As I see it | It’s going to be a struggle to bring foreign tourists back to China
- The formal scrapping of Covid tests was the latest measure to lure international visitors, as there is little sign that numbers are rebounding so far
- Geopolitical tensions are also keeping high-spending Western visitors away

In July, for example, it was announced that international travellers would be able to link foreign credit cards to the widely used e-payment apps WeChat Pay and Alipay (the latter owned by the SCMP’s parent company).
The move was designed to partly address the concerns of foreigners who would struggle to make payments in a largely cashless society and where many businesses – especially smaller ones –will not take international credit cards.

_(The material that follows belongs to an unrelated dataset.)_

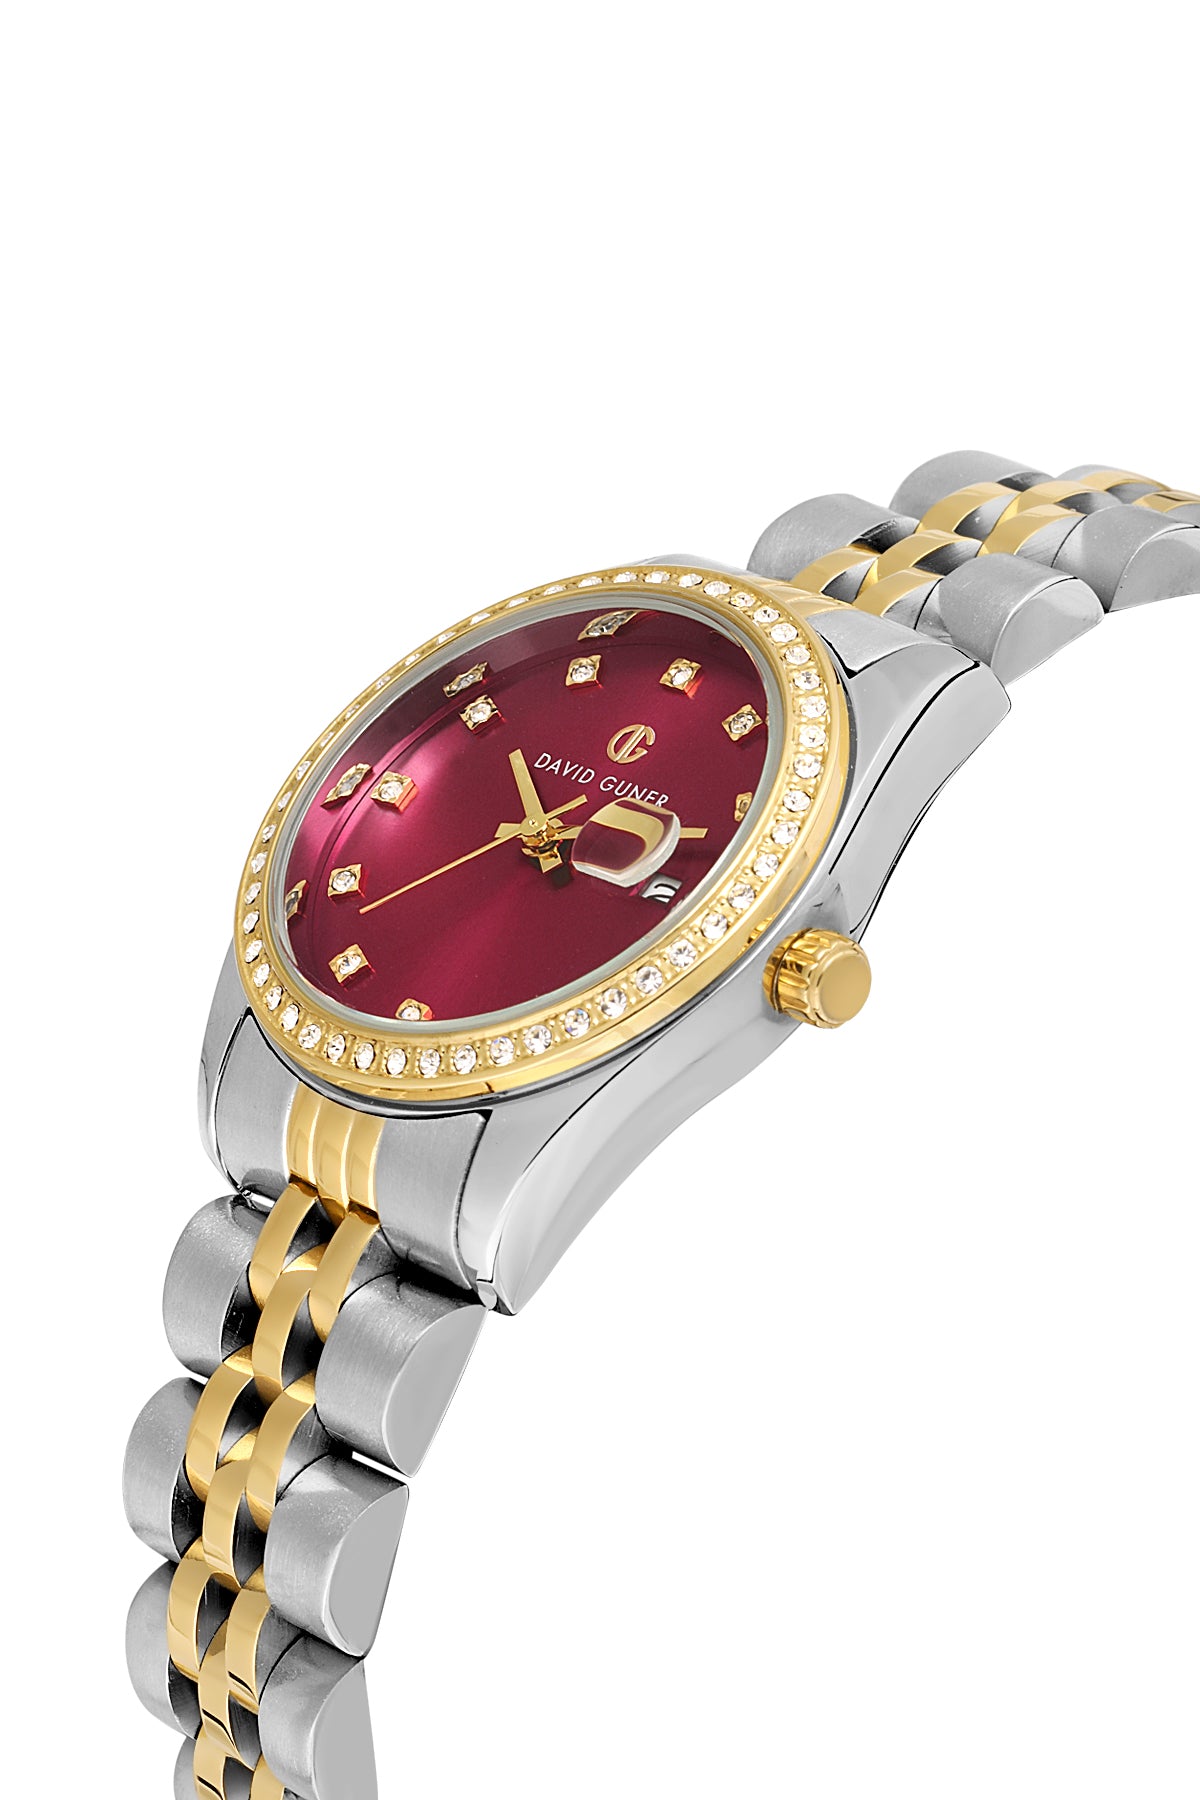 DAVID GUNER Red Dial Women's Wristwatch

Before the pandemic, tourism and its related industries played a significant part in China’s economy, contributing around 11 per cent of GDP in 2018 and 2019.
But in 2022, the country’s zero-Covid policies meant there were essentially no international travellers, while the government said the revenue generated by domestic tourism was just over a third of pre-pandemic levels.
Since China scrapped its zero Covid policy in January, domestic tourism has picked up quickly, prompting government think-tanks such as the China Tourism Academy to predict that domestic tourist trips this year are expected to rebound to more than 90 percent of pre-pandemic levels and generate a revenue of 5 trillion yuan (US$686 billion), or more than 80 per cent of the pre-Covid figure.